Что я нашел во Франции? Этим вопросом я не собираюсь задаваться. Она мне нравится. Нравится так, что люблю ее всю, толком не зная о ней достаточно для того, чтобы сказать, что я галломан или франкофил. Вот заставьте меня, например, нарисовать карту Франции. Начнем с Атлантического побережья, это западная граница Европы. Казалось бы, у меня, выросшего в Петербурге русского западника или русофила-европейца, это не должно вызывать затруднений. Затруднений и вправду нет, только смутные воспоминания о том, как выглядит линия берега на карте. На севере, помнится, есть полуостров, выдающийся в океан, а ниже берег гораздо восточнее. На полуострове находится вечно отмежевывающаяся от Франции Бретань, где-то на самом краю город Брест, откуда родом агроном Роб-Грийе. Вот только где именно он расположен – вопрос на засыпку. Как-то мне довелось побывать в городе Ванн, на юге полуострова, возле поворота к линии берега, убегающей вниз, на юг, если я ничего не путаю. По крайней мере, граница с Нижней Нормандией на севере должна быть в районе Мон-Сен-Мишель. В общем, получается что-то вроде этого:
В действительности все примерно так и есть, если, конечно, не вдаваться в детали, что в Бретани много других городов. Вот, например, в Ренне я был, но на большее, чем локализовать его где-то между Ванном и Мон-Сен-Мишелем, не претендую.
О реках меня лучше и вовсе не спрашивать.

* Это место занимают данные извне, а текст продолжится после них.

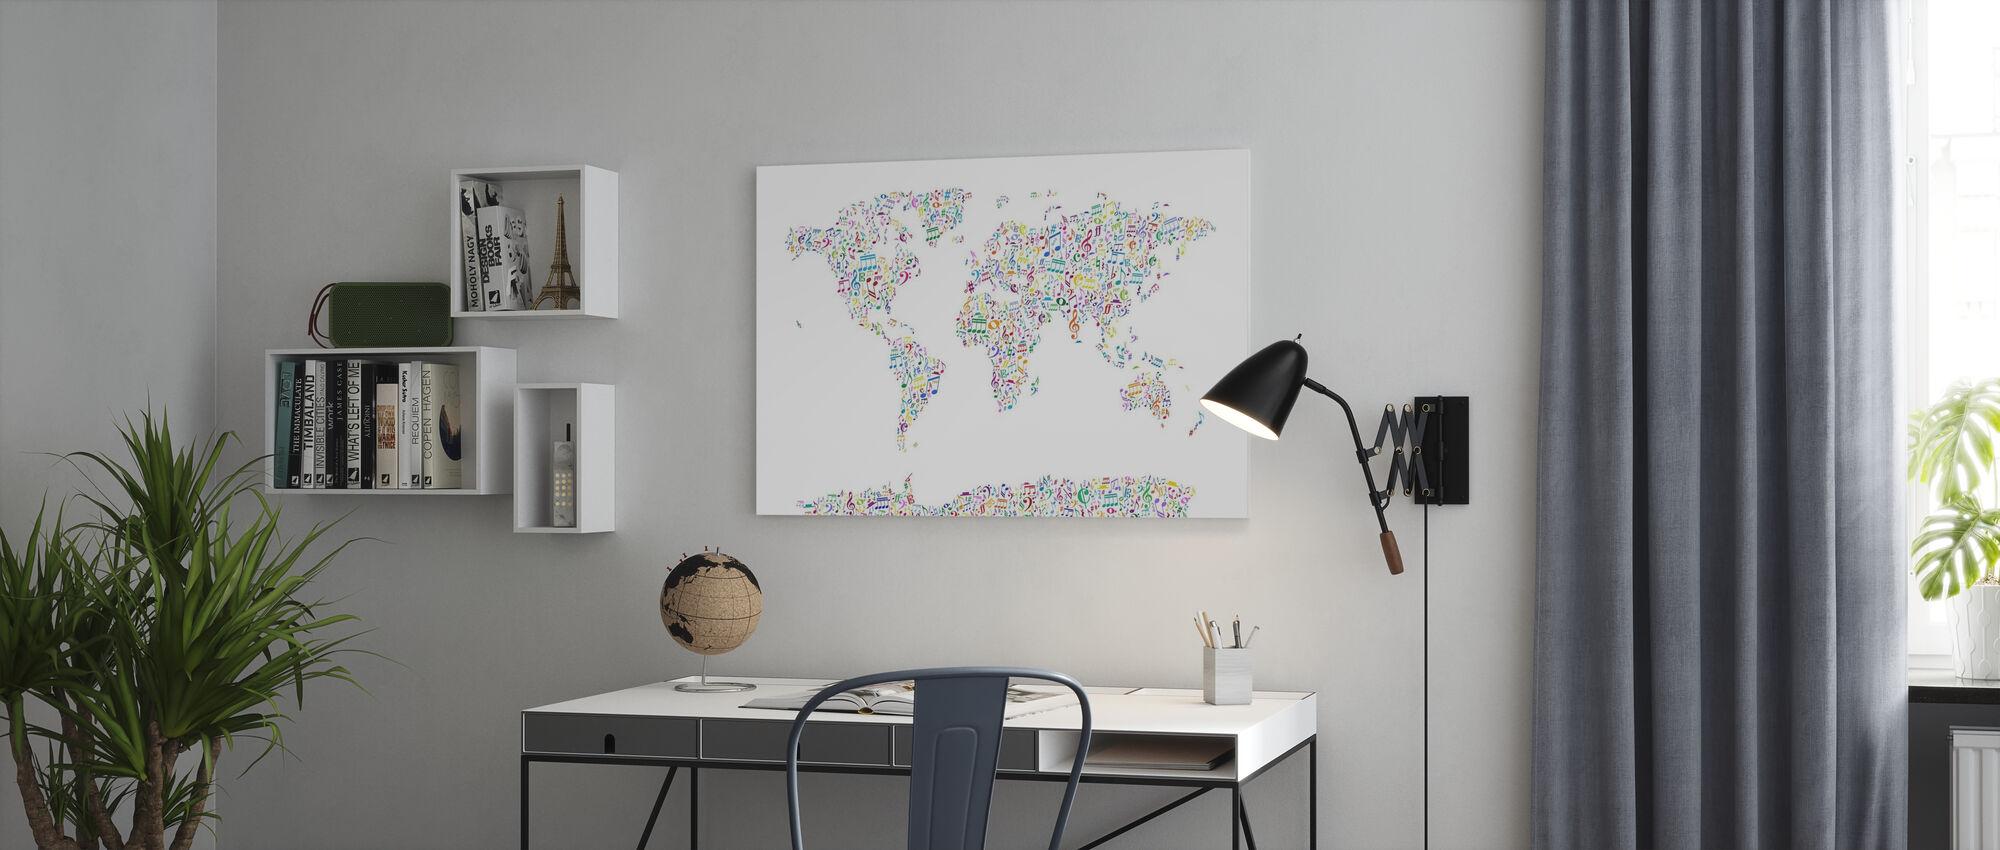 Music Notes Weltkarte Farbe - Leinwandbild - Büro
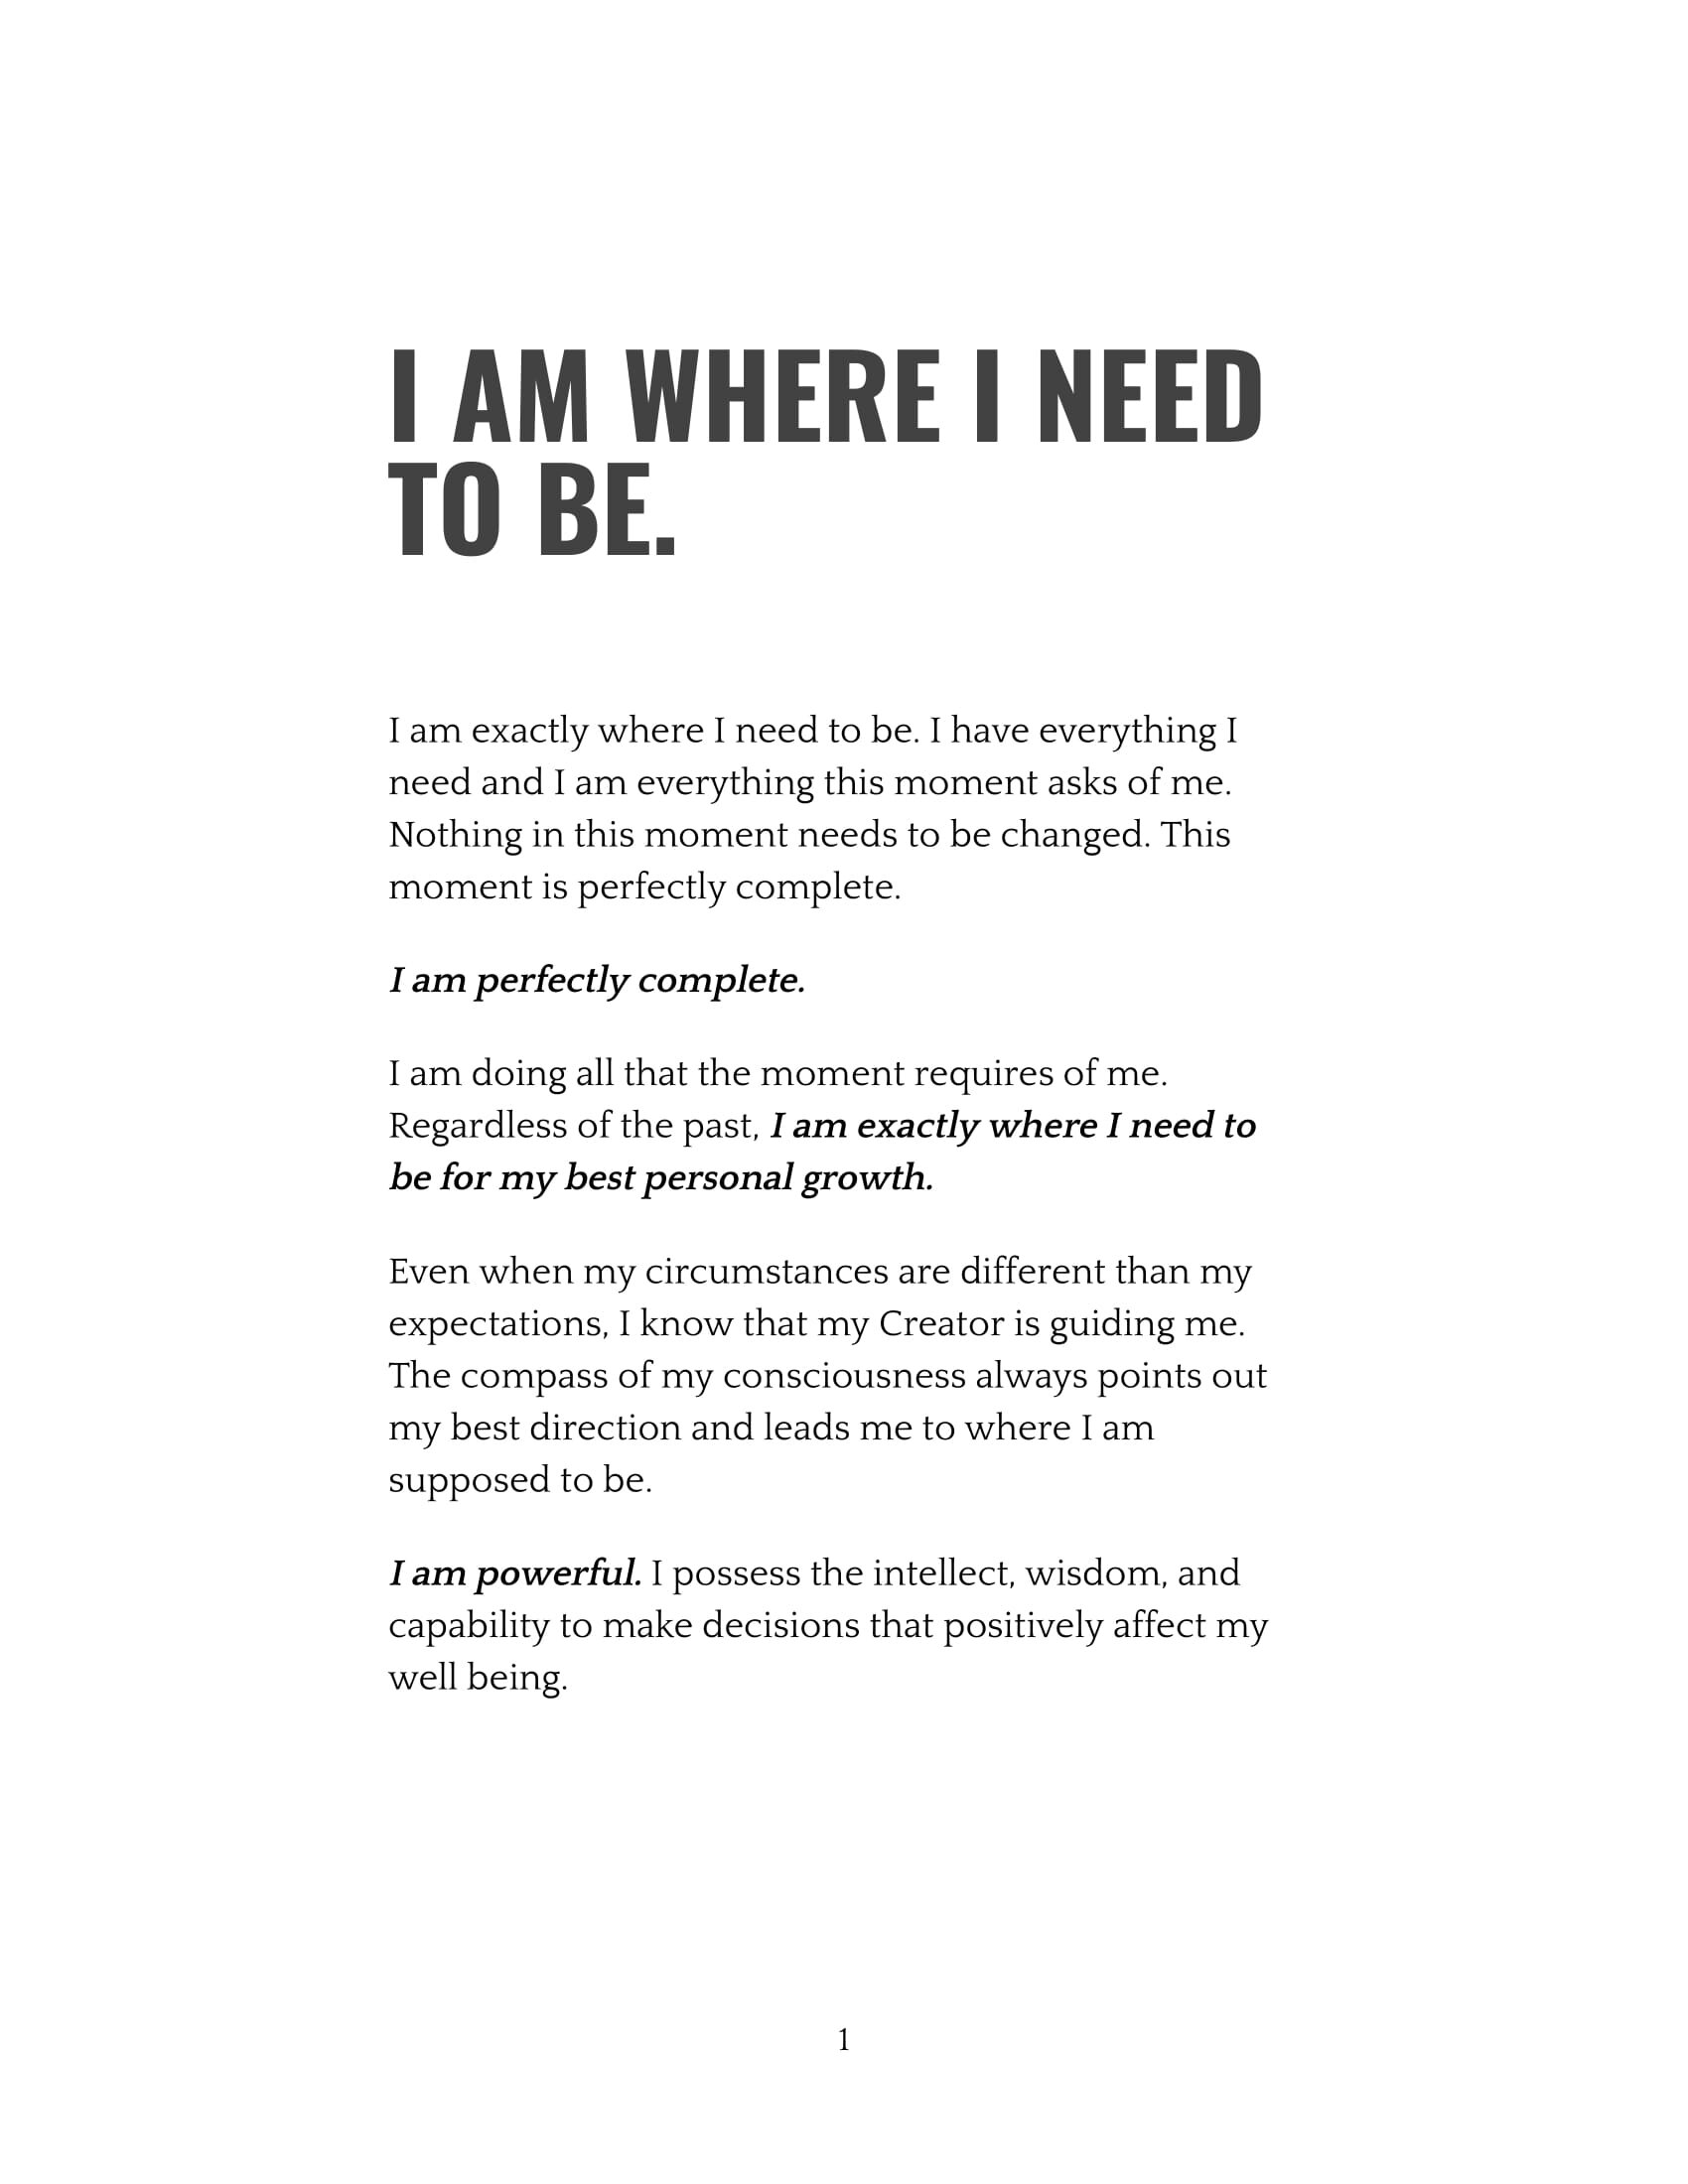 I Am Where I Need To Be-1.jpg

Дальше совсем цирк. Атлантическое побережье представляется мне неровной линией, уходящей вниз, в Испанию и сопредельную ей Португалию, которая тоже вниз и налево. В северной части французского побережья Атлантики должен быть Нант, там устье Луары, в этом я почти уверен. Ниже Ля-Рошель, там остров Ре с замком, намоленные места. Но вот какие в этих краях заливы, бухты, полуострова – этого я с ходу не вспомню. Где-то к югу будет рог Жиронды, метит наискосок, на северо-запад. Под ним, соответственно, Бордо. А дальше, по имеющейся у меня информации, страна басков и Биарриц.
Теперь посмотрите в Гугле или в географическом атласе на реальное положение вещей. И не спешите испепелять меня презрительным взглядом. Для начала сами попробуйте нарисовать карту Москвы, или Ленинградской области, или Среднерусской возвышенности. Вас ждут неожиданные открытия, которые подтвердят мою догадку о том, что география – не естественнонаучное знание, а исследование воображаемых ландшафтов. Путешествие – это поэтическое приключение, которое может случиться не только с поэтами. И если мне удастся нарисовать северное побережье Средиземноморья так, что его не узнает ни один житель Монпелье, Марселя, Канн или Ниццы – а я верю в свой талант, – Франция откроется для себя новой неожиданной стороной.
У меня есть своя прекрасная Франция, она ничуть не хуже и ничуть не лучше той, что есть у вас, или той, что якобы существует в действительности, если кто-то наивно полагает, что где-то она есть сама по себе. Голые факты и сухая статистика все равно обрастут домыслами и фантазиями. Собственно говоря, там, где вымысел едва отличим от того, что мы называем настоящим, и происходит то, за чем мы с интересом наблюдаем как за реально происходящей жизнью.
Я, например, точно знаю, что моя прекрасная Франция граничит не с Италией, а с Little Italy, что возле моего дома. Из моего окна видна кампанила Юсуповского дворца. С мая, правда, ее не так просто разглядеть сквозь крону тополя, растущего перед окном, но уже к ноябрю листва опадает и в глубине заснеженного Солдатского садика виднеется смешная провинциальная башенка. Одна из тысяч башенок, которые есть в каждом итальянском городке, которые так похожи друг на друга и которыми так гордятся местные жители, считая, что их кампанила – особенная. Башенка Юсуповского на наших заснеженных болотах должна была напоминать князю о путешествиях по благословенной Италии. Не удивлюсь, если князь купил ее где-нибудь в Марке и привез сюда, как это было с парадной лестницей, которая украшает вход в театр (ради этого пришлось купить целиком итальянскую виллу). Кампанила в Солдатском садике кажется не к месту, но без нее Петербург не был бы Петербургом, Италия – Италией, Франция – Францией, а все наши италомании и галломании – благородными хроническими болезнями. Ведь Европа, которой мы грезим, – это та петербургская жизнь, которую мы так ценим за ее нестоличность, вольготность, стильность и свободу быть самим собой.